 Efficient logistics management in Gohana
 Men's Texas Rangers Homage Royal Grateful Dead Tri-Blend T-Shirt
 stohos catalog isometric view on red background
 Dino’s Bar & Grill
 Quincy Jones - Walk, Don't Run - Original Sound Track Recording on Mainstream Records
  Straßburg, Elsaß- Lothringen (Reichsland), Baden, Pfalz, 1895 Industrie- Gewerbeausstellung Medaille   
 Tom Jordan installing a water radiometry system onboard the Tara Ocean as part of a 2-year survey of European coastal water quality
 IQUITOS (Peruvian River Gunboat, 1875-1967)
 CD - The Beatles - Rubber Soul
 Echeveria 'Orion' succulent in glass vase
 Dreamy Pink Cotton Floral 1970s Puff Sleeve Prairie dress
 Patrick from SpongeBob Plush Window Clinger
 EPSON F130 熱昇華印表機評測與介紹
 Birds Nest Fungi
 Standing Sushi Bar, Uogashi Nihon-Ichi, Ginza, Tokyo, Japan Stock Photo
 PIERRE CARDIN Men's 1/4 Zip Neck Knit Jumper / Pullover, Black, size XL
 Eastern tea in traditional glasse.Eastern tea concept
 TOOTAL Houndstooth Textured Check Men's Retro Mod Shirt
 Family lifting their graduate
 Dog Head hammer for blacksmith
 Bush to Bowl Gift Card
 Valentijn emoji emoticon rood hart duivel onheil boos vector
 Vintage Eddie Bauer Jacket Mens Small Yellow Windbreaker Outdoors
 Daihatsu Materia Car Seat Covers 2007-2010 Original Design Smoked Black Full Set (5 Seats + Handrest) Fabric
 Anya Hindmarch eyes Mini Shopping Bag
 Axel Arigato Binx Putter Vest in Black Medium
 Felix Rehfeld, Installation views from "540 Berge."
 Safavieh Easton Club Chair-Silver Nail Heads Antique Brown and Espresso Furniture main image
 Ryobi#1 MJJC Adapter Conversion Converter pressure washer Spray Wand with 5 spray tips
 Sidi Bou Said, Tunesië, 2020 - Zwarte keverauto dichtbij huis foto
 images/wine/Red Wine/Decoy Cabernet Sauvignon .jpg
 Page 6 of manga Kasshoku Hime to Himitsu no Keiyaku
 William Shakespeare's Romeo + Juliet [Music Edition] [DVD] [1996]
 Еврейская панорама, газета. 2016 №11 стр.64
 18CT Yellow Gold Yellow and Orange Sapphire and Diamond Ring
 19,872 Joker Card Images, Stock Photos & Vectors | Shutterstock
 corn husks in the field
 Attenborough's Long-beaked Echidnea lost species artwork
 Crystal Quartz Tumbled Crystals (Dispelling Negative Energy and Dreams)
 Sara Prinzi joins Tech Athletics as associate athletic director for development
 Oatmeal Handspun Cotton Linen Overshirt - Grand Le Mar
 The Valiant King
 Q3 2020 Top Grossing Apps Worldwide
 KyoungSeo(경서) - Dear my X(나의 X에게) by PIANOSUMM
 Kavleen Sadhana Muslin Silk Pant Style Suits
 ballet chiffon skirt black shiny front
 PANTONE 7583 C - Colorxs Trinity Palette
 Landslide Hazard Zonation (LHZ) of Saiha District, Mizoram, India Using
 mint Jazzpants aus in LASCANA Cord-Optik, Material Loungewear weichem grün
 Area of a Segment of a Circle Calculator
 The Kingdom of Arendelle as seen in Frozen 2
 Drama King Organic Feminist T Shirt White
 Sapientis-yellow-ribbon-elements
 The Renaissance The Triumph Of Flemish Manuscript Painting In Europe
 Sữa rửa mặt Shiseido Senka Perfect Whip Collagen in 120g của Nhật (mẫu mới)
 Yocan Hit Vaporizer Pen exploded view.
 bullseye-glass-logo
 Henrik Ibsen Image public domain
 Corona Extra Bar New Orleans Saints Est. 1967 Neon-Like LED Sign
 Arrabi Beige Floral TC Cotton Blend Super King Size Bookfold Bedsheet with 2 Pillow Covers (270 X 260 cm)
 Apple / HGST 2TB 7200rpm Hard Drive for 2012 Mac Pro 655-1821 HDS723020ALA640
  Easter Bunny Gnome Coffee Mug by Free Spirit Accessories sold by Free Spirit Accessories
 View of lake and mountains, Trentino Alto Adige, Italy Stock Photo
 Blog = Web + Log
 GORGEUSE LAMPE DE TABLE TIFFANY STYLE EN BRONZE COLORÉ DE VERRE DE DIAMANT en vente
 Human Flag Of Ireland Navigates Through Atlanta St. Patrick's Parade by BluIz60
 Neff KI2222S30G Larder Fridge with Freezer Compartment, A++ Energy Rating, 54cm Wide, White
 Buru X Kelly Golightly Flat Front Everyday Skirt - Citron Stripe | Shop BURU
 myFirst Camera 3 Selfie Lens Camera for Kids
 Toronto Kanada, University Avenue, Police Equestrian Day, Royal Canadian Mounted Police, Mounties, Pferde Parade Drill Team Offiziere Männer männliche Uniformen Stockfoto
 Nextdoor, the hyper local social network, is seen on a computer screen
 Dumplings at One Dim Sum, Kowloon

◆ ◆ ◆

What the exercise asks ::
Lines from the start of the material above through the line containing "Felix Rehfeld, Installation" are to be duplicated exactly, and only those.

Response to this task ::
 Efficient logistics management in Gohana
 Men's Texas Rangers Homage Royal Grateful Dead Tri-Blend T-Shirt
 stohos catalog isometric view on red background
 Dino’s Bar & Grill
 Quincy Jones - Walk, Don't Run - Original Sound Track Recording on Mainstream Records
  Straßburg, Elsaß- Lothringen (Reichsland), Baden, Pfalz, 1895 Industrie- Gewerbeausstellung Medaille   
 Tom Jordan installing a water radiometry system onboard the Tara Ocean as part of a 2-year survey of European coastal water quality
 IQUITOS (Peruvian River Gunboat, 1875-1967)
 CD - The Beatles - Rubber Soul
 Echeveria 'Orion' succulent in glass vase
 Dreamy Pink Cotton Floral 1970s Puff Sleeve Prairie dress
 Patrick from SpongeBob Plush Window Clinger
 EPSON F130 熱昇華印表機評測與介紹
 Birds Nest Fungi
 Standing Sushi Bar, Uogashi Nihon-Ichi, Ginza, Tokyo, Japan Stock Photo
 PIERRE CARDIN Men's 1/4 Zip Neck Knit Jumper / Pullover, Black, size XL
 Eastern tea in traditional glasse.Eastern tea concept
 TOOTAL Houndstooth Textured Check Men's Retro Mod Shirt
 Family lifting their graduate
 Dog Head hammer for blacksmith
 Bush to Bowl Gift Card
 Valentijn emoji emoticon rood hart duivel onheil boos vector
 Vintage Eddie Bauer Jacket Mens Small Yellow Windbreaker Outdoors
 Daihatsu Materia Car Seat Covers 2007-2010 Original Design Smoked Black Full Set (5 Seats + Handrest) Fabric
 Anya Hindmarch eyes Mini Shopping Bag
 Axel Arigato Binx Putter Vest in Black Medium
 Felix Rehfeld, Installation views from "540 Berge."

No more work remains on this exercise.